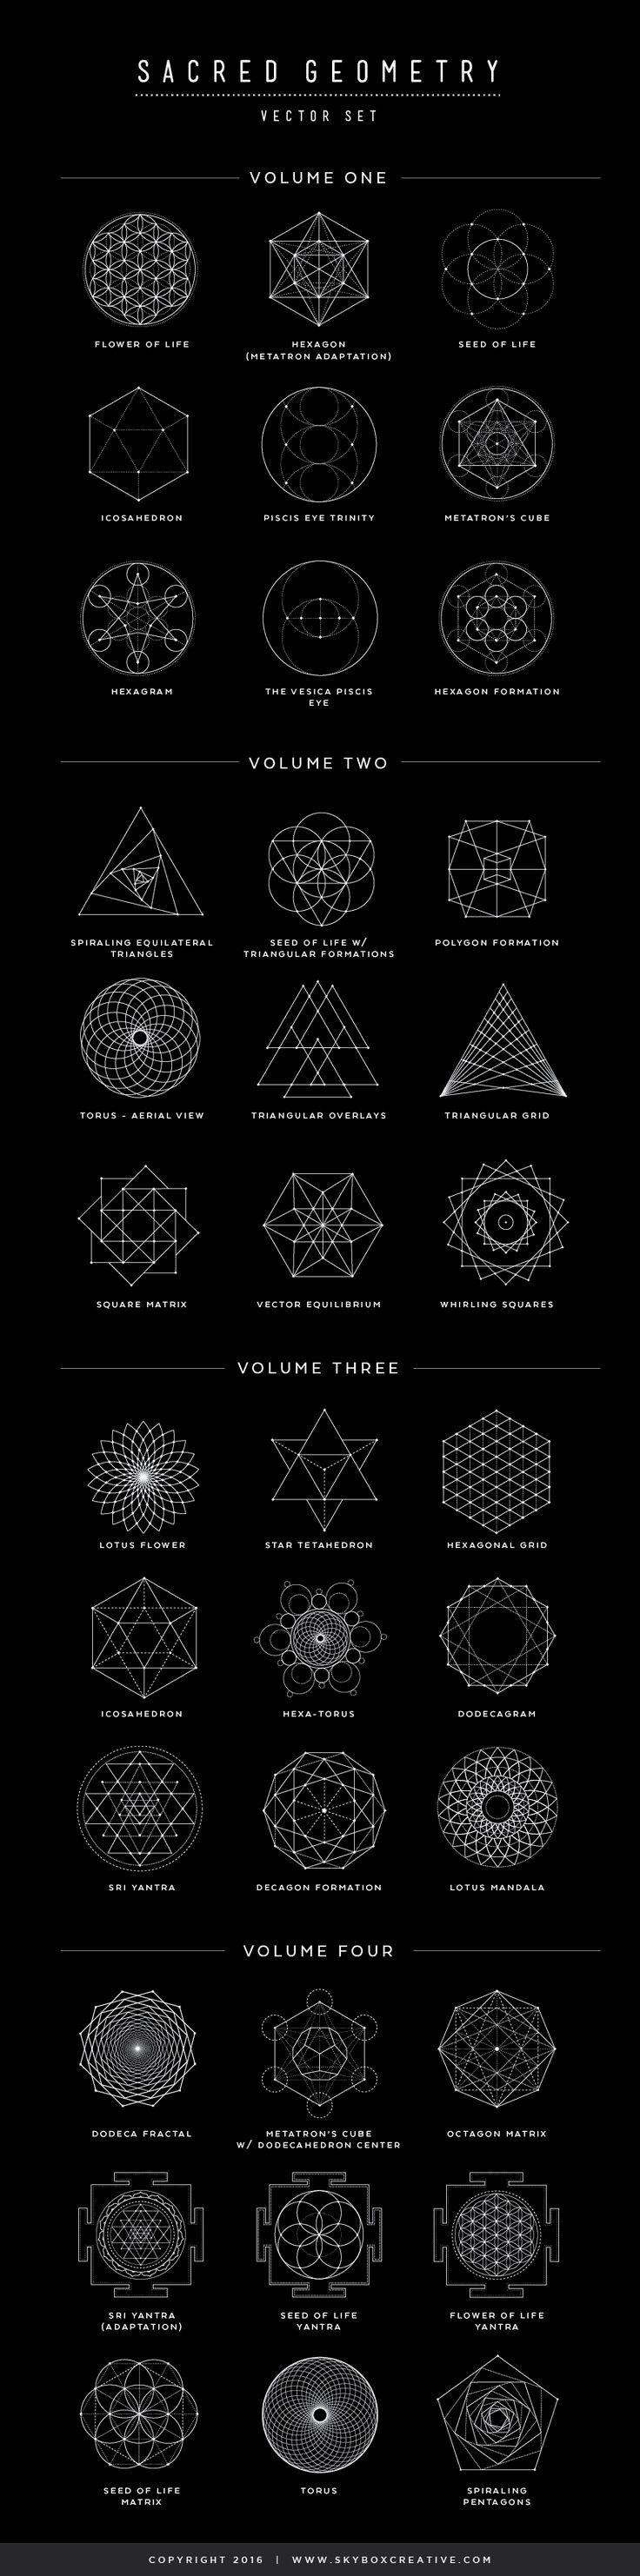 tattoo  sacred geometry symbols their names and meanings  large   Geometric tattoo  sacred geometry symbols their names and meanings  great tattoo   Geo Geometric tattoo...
┄┄┄┄┄┄┄┄┄┄┄┄┄┄┄┄┄┄┄┄
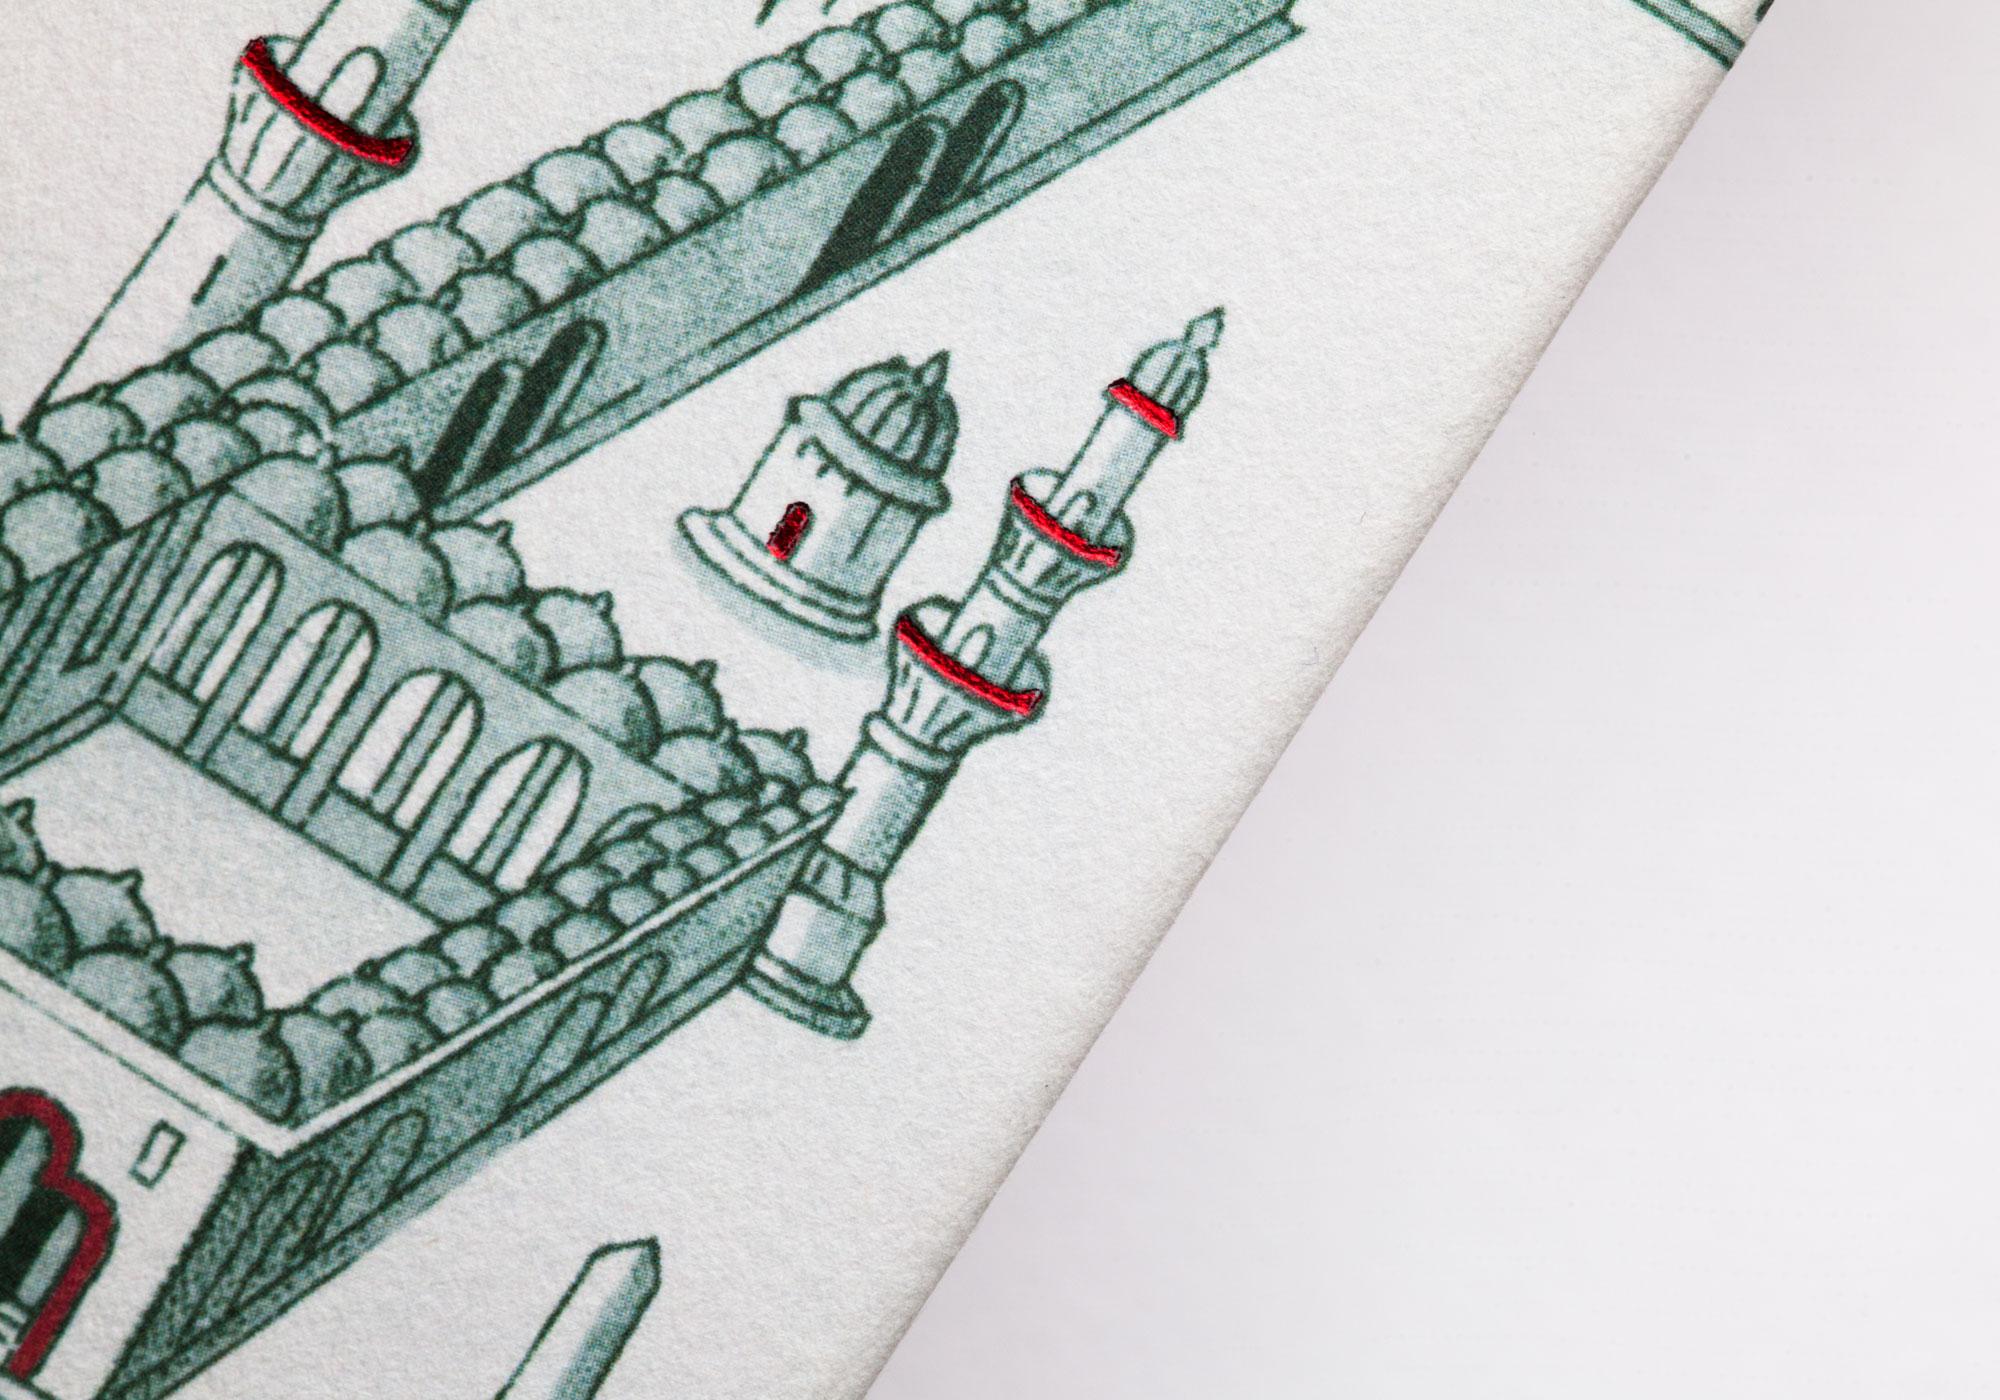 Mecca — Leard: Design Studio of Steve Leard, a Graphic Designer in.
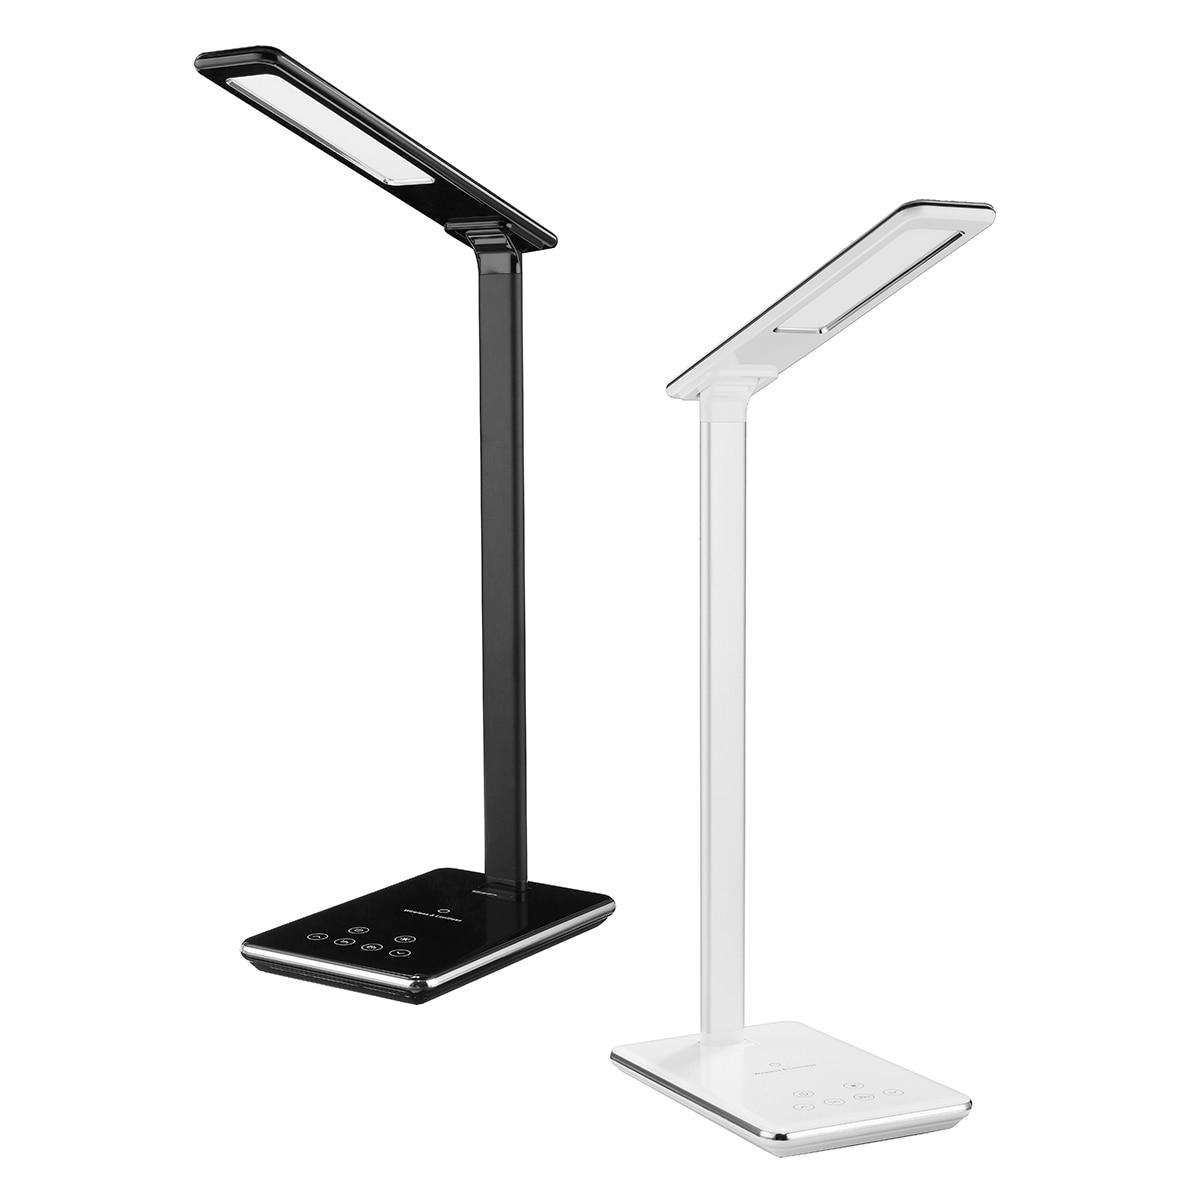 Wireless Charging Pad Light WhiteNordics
┄┄┄┄┄┄┄┄┄┄┄┄┄┄┄┄┄┄┄┄
→ **EXERCISE**
Start with the line with "Mecca — Leard: Design" in the listing above and stop after the line with "Wireless Charging Pad Light WhiteNordics". Write out exactly the lines in that stretch and no others, without pictures.

→ **ANSWER FOR THE TASK**
 Mecca — Leard: Design Studio of Steve Leard, a Graphic Designer in.
 Wireless Charging Pad Light WhiteNordics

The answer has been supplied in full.